12 Jul, 2015 - 00:07 0 Views

The Sunday Mail

Issues of regulation and interoperability (the ability to be operated and used reciprocally) of mobile money are not peculiar to Zimbabwe as Kenya – the biggest economy in East Africa – also underwent similar teething problems.

Kenya’s Safaricom, a unit of UK mobile operator Vodafone, was arguably the first company on the continent to introduce a micro-finance institution-based loan disbursal and repayment system through M-Pesa.

After being launched in March 2007, M-Pesa grew remarkably supported by the East African country’s demographics.

By 2008, only 19 percent of Kenya’s population of 35 million population had bank accounts.

There was little incentive to established branch networks in unbanked areas because of the associated costs and tight margins associated with banking the poor.

According to studies made by the Alliance for Financial Inclusion, a private organisation, at the time of the M-Pesa application there were only 1,5 bank branches for 100 000 people and only one ATM per 100 000 people.

From its launch in 2007, M-Pesa grew to reach over five million customers in less than two years — this was already more than all of the banks combined. It naturally attracted the attention of the political establishment in Kenya, especially on the implications of allowing unregulated money transfer services.

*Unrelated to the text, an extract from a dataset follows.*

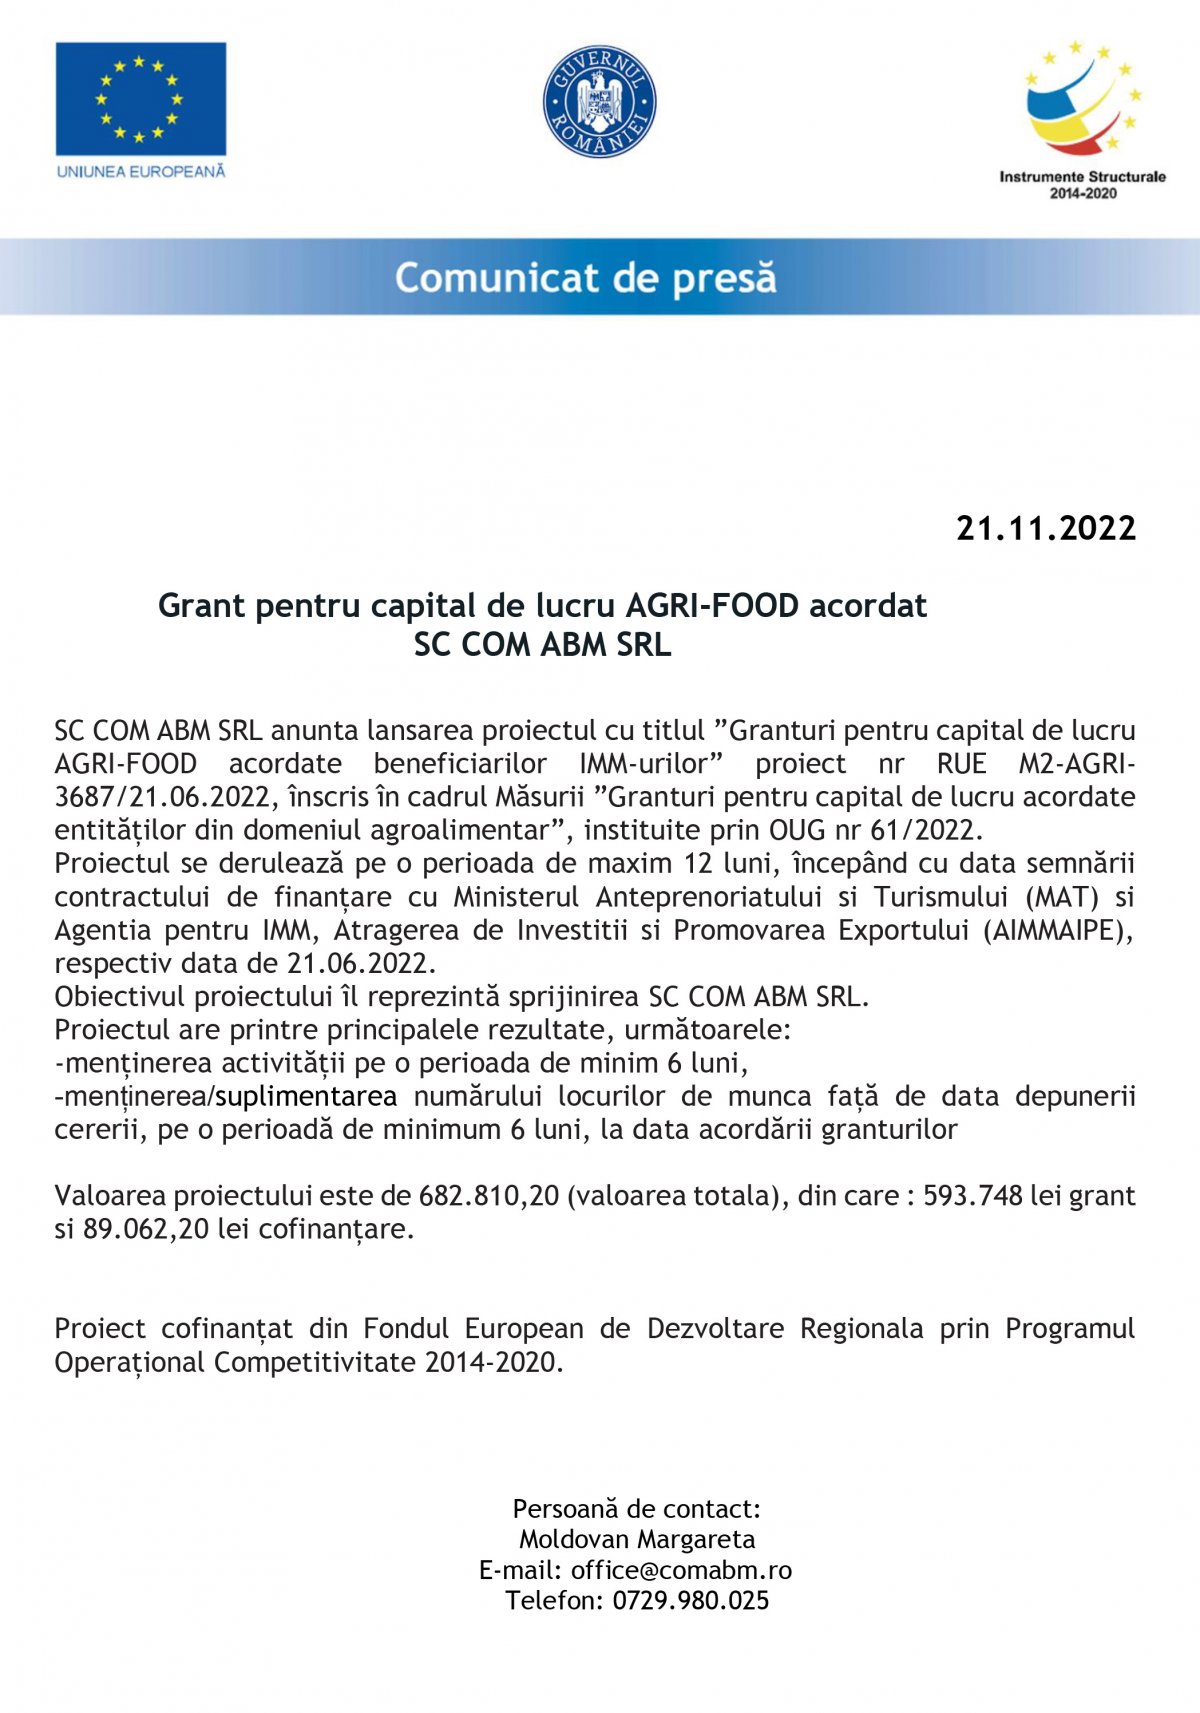 Grant pentru capital de lucru AGRI-FOOD acordat SC COM ABM SRL

Areas of concern that were mainly highlighted by the Central Bank of Kenya (CBK) centred on the legal status of M-Pesa. There were questions on whether the service was a banking business or not.

Authorities also probed the risks associated with the new product.

Most importantly, the CBK established in January 2007 that M-Pesa was not a banking business as defined by the Banking Act because of three important facts:

(i). Cash exchanged for electronic value are not repaid on terms and remains in control of the customer at all times. To offer M-Pesa services the agent must deposit a float of cash upfront in an M-Pesa account, held by a local bank. As such there is no credit risk to either the customer or Safaricom.

(ii). Customer funds are not on-lent in the pursuit of other business or interest income. All funds were to be maintained in a pooled trust account at a reputable bank and could not be accessed by Safaricom to fund its business.

Hence, there was no intermediation, which was a key part of the deposit taking definition.

(iii) There was to be no interest paid on customer deposits, or received by Safaricom on the float — this was a further factor which indicated that the e-value created was not in fact a deposit. But the CBK drafted a National Payment Systems Bill (NPS), which would consolidate and extend its authority over payment systems of all kinds but the Bill had low priority for Parliament and had not even entered the legislative process by late 2008.

Sub-Saharan Africa has the largest number of mobile money users in the world, with 146 million registered accounts and 69,1 million active users as of December 2014 according to GSMA Mobile Money Intelligence Unit.